Posted on December 17, 2008 by Richard Beddard
Filed Under Companies |

Despite its monumental cookers, I think the investment case for Aga (AGA) depends on something even more monumental, its defined benefit pension scheme.

Last June Aga’s pension liability was £682m, and although the scheme was in surplus, which means actuaries reckon it has more than enough assets (shares, bonds and property) to pay the pensions of all the Aga employees and former employees enrolled in it, since December that surplus had more than halved to £31m.

The value of Aga’s pension scheme dwarfs the value of the company. Its market capitalisation is about £50m, comparable to the drop in the surplus in just six months.

A weak stockmarket, and expectations of higher inflation explain the fall, and those are just two of the variables in the complicated accounting of pensions, the interplay of which could turn surplus into a deficit the company might have to fund. More money for pensioners means less for shareholders as investors in Chrysler and GM are finding.

In the very worst case, there’s a doomsday machine at the heart of Aga, which has guaranteed the pension fund to the tune of £50m through a combination of £22.5m cash and £27.5m in bank debt. Should its finances deteriorate below levels agreed with the pension trustees it would trigger the guarantees in much the same way a company might breach its bank covenants, forcing Aga to fund the pension, when it might need the funds itself. Should a deficit fall below £50m, the company would have to make further guarantees.

I’d like to invest in Aga.

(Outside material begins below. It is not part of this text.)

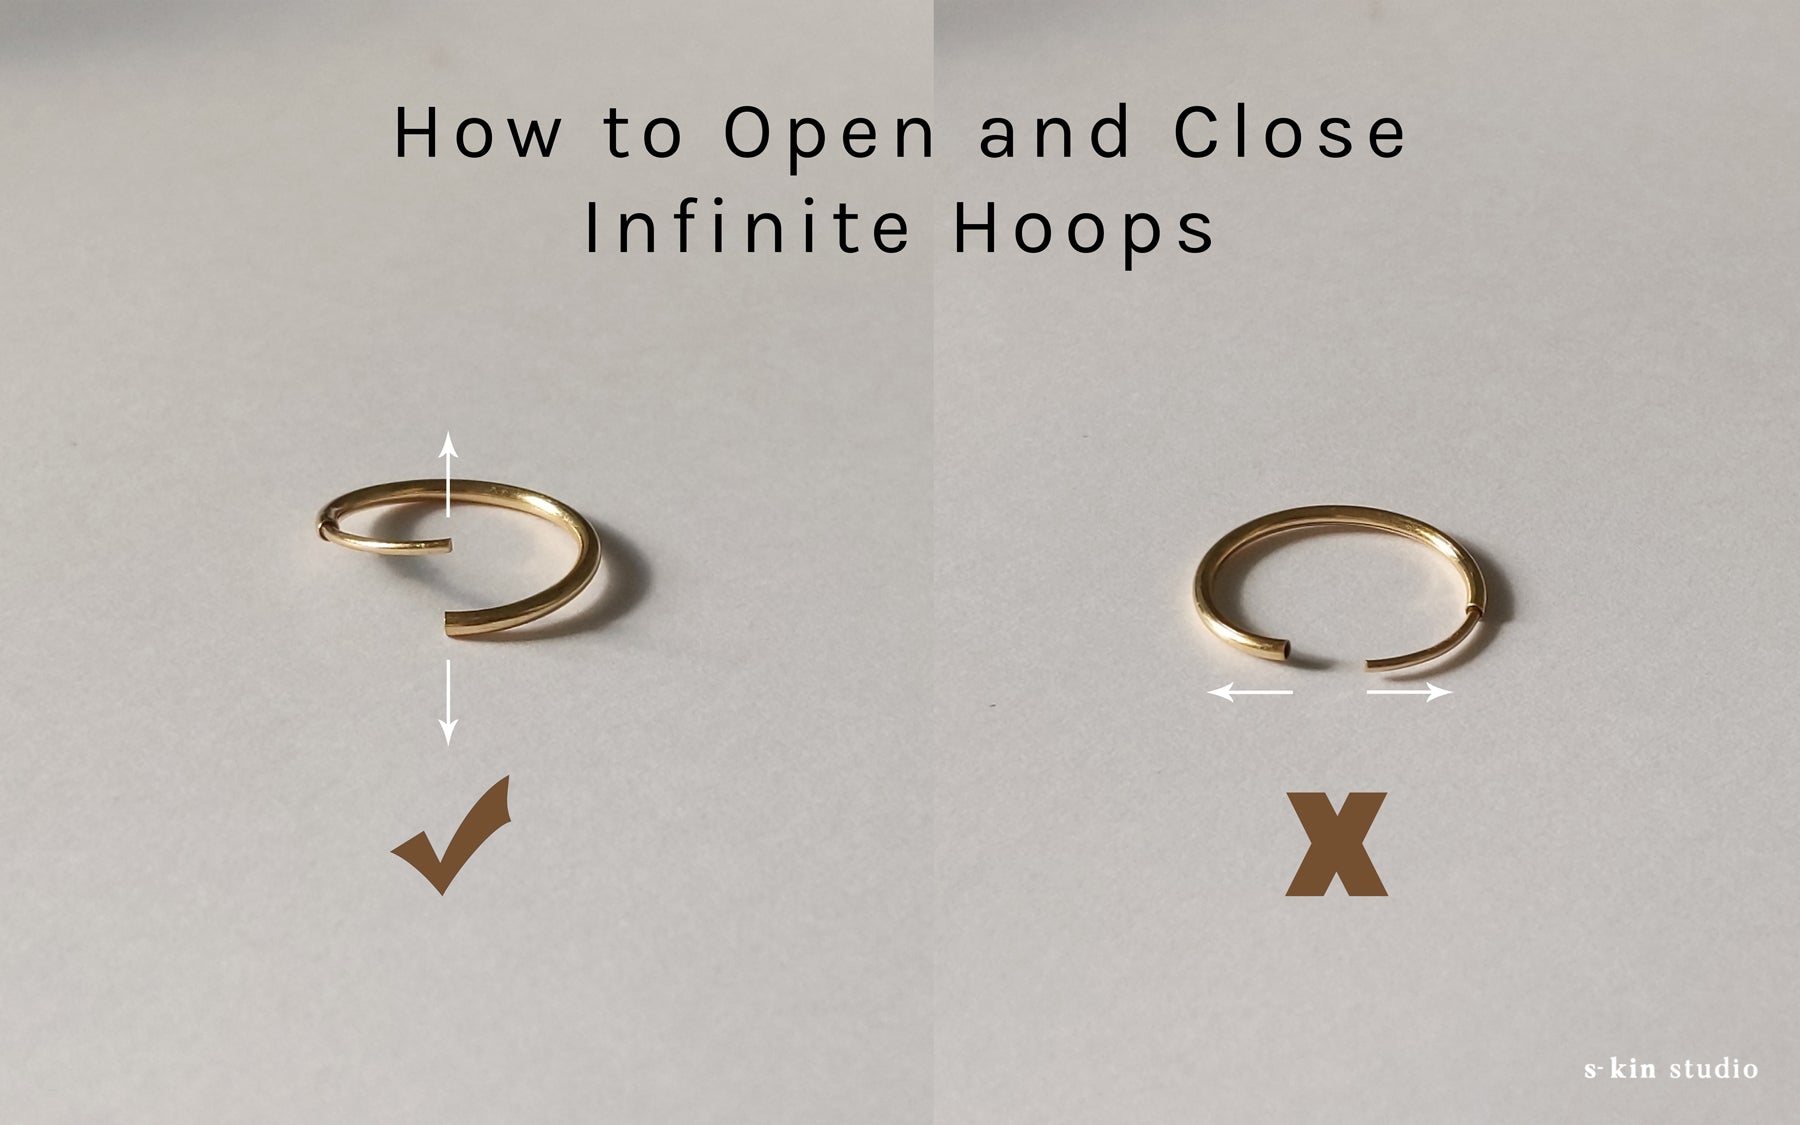 How to put in our Tiny Twist earrings. One earring, two little hoops.

If it hadn’t been for impending recession I’d have parted with £10,000 for a stove this autumn, despite the incredible price tag and the, shall we say, disputed environmental credentials, simply because of my wife’s devotion.  I don’t share the passion, but I talked about Agas with enough people to realise that nothing, not even Marmite, polarises opinion like an Aga. I think enough people love them to ensure the brand, at least, has a future. By modernising its cookers, the company seems to be ensuring it too.

The shares are also incredibly cheap in relation to the company’s profits over the last decade or so, but therein lies another source of uncertainty. Aga Rangemaster, it sells ordinary cookers, stoves, fridges, and kitchen furniture as well as range cookers, has a more dynamic history than a glance at its cast-iron flagship product reveals. Last year it sold off its foodservice business, which supplied commercial cookers and kitchens and amounted to half the company, and for most of its history, the company was primarily in engineering.

The changes may be good ones, though commentators question Aga’s new focus on the consumer in the face of a recession, but they make it more difficult to rely on the company’s record of profitability as a guide to the future. Value investing is supposed to work because we’re choosing stable industries (like cookers), suffering temporary setbacks. They should return to former levels of profitability and repay investors who backed them when they were down.  Aga’s record seems less pertinent because its focus hasn’t always been… Aga.

Likewise, the pension fund could be an opportunity, not a threat. That must have been Pension Corporation’s thinking when it increased its stake in Aga to 25% in April, since its specialty is running pensions, and for a while at least, its business model seemed to be to buy companies with fat pensions and extract some of the fat.

While Pensions Corporation may have specialist skills in valuing pensions, I do not. I’m sceptical of the notion that you can account for all the variables that might determine a company’s pension liabilities decades into the future1, and when the scheme’s as large as Aga’s, that puts a great big doubt in my mind about investing in the company2.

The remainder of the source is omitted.